Block functions in rasters ...
Modified Jan 17,2015
The background.. | Results... |
---|---|
To begin, we will construct a simple array consisting of 36 numbers from 0 and 35. The array is broken down into 3x3 blocks of numbers as can be seen in the output array sample.
Block functions are not used as often as they could be in GIS. This type of function moves or "jumps" by steps in the X and Y direction specified by the block size.
Moving or sliding window functions are more common in GIS. The window slides by one cell in the X and Y direction regardless of the shape, size and configuration of the window.
The block functions will be demonstrated in this post since they are simpler to comprehend. The guiding principles for both types of functions are the same, differing only in their movement characteristics.
The input raster to the right, is being represented in array format so that one can see the values that each "cell" represents. Each cell is of equal dimensions, varying only in the value that it possesses. When using block function, the raster is tiled into subarrays/rasters using a "window". In this example, the simple 3x3 window will be used. Since the raster is to be broken down by this window in a jumping fashion, we end up... nicely ... nicely with 4 sub rasters each 3x3 in size. Each sub-raster/array consists of 9 values. It should be noted, that they could contain nodata values which should not be used in calculations. Currently all sub-rasters all contain valid integer values
The values for the statistics shown represent the values for each array sub-block. For instance, the minimum has values of 0, 3, 18, and 21. If you examine the original array, or the samples sub-raster/arrays, you will see these values are indeed correct. The difference is that each number now represents the 9 cells making up the 3x3 block.
The statistical parameters were derived using numpy functions and are shown below without explanation (for now). it is suffice to say, that the input array represents dimension 0 and 1 and each sample array represents dimension 2 and 3, ergo, the values are calculated on the last 2 dimensions so that they represent each block.
The formulae for the code-ophiles are as follows: a_min = a.min(axis=(2,3)) a_max = a.max(axis=(2,3)) a_mean = a.mean(axis=(2,3)) a_sum = a.sum(axis=(2,3)) a_std = a.std(axis=(2,3)) a_var = a.var(axis=(2,3)) a_ptp = a_max - a_min
There are the equivalents for the above for rasters/arrays that contain nodata values (ie. np.nanmin, np.nanmax, np.nanmean, np.nansum, np.nanstd, np.nanvar).
Now, if we take the results for the minimum, we can expand it back to its original form by expanding is both the X and Y directions.
expanded = arr_expand(a_min,3,3)
There are the minor omissions of dealing with nodata values and input arrays that aren't evenly divisable by the window size...but they are minor details and will be covered elsewhere.

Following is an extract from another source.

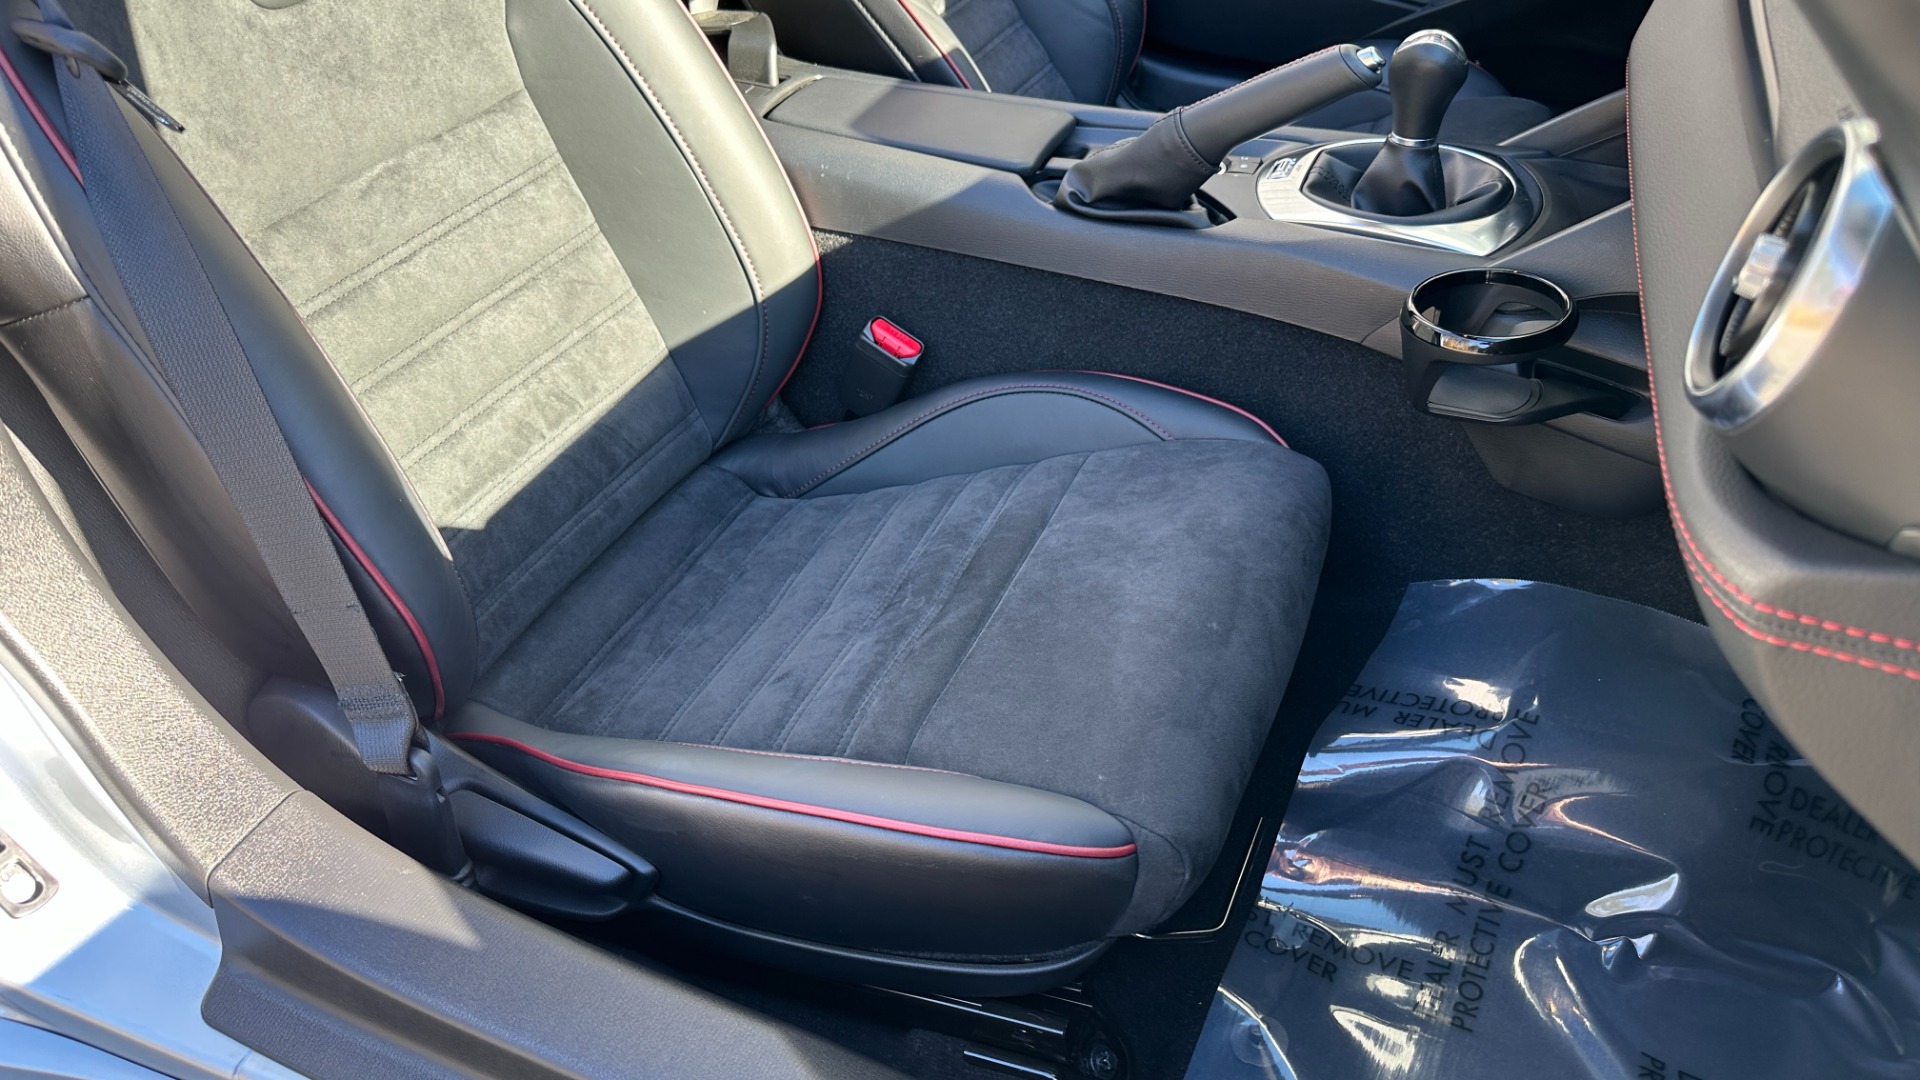 Used 2020 FIAT 124 Spider ARBARTH / MONZA EXHAUST / RECARO SPORT SEATS / BREMBO BRAKES / 6 SPEED for sale $29,995 at Formula Imports in Charlotte NC 28227 25

The observer should also note, that the array can be exported to a comma, space or tab delimited file and given an ascii format header to give it real world coordinates for use/import into arcmap. The whole process can also be accompanied with useage of RasterToNumPy array for export to NumPy and NumPyArrayToRaster if desired. The subarray types can also be unraveled and presented in tabular format, concatenated and brought back into arcmap for use in graphing or in processes involving other arrays. |
Input array... [[ 0 1 2 3 4 5] [ 6 7 8 9 10 11] [12 13 14 15 16 17] [18 19 20 21 22 23] [24 25 26 27 28 29] [30 31 32 33 34 35]]
Output array sample... [[[[ 0 1 2] [ 6 7 8] [12 13 14]]
[[ 3 4 5] [ 9 10 11] [15 16 17]]]
[[[18 19 20] [24 25 26] [30 31 32]]
[[21 22 23] [27 28 29] [33 34 35]]]]
Results............... Minimum...a_min [[ 0 3] [18 21]]
Maximum...a_max [[14 17] [32 35]]
Mean...a_mean [[ 7. 10.] [ 25. 28.]]
Sum...a_sum [[ 63 90] [225 252]]
Std...a_std [[ 4.97 4.97] [ 4.97 4.97]]
Var...a_var [[ 24.67 24.67] [ 24.67 24.67]]
Range...a_ptp [[14 14] [14 14]]
expanded array...expanded [[ 0 0 0 3 3 3] [ 0 0 0 3 3 3] [ 0 0 0 3 3 3] [18 18 18 21 21 21] [18 18 18 21 21 21] [18 18 18 21 21 21]] |
Summary: .more examples will be given in the upcoming weeks... |
Neat. Thanks for sharing these.
The main use I have had for block functions used for is aggregation, before the Aggregate() tool was added to Grid (Arc 6.1 or something). Aggregate is of course more efficient (less data to write out!)
Request for a future article: It would be cool to see an implementation of Aggregate in numpy.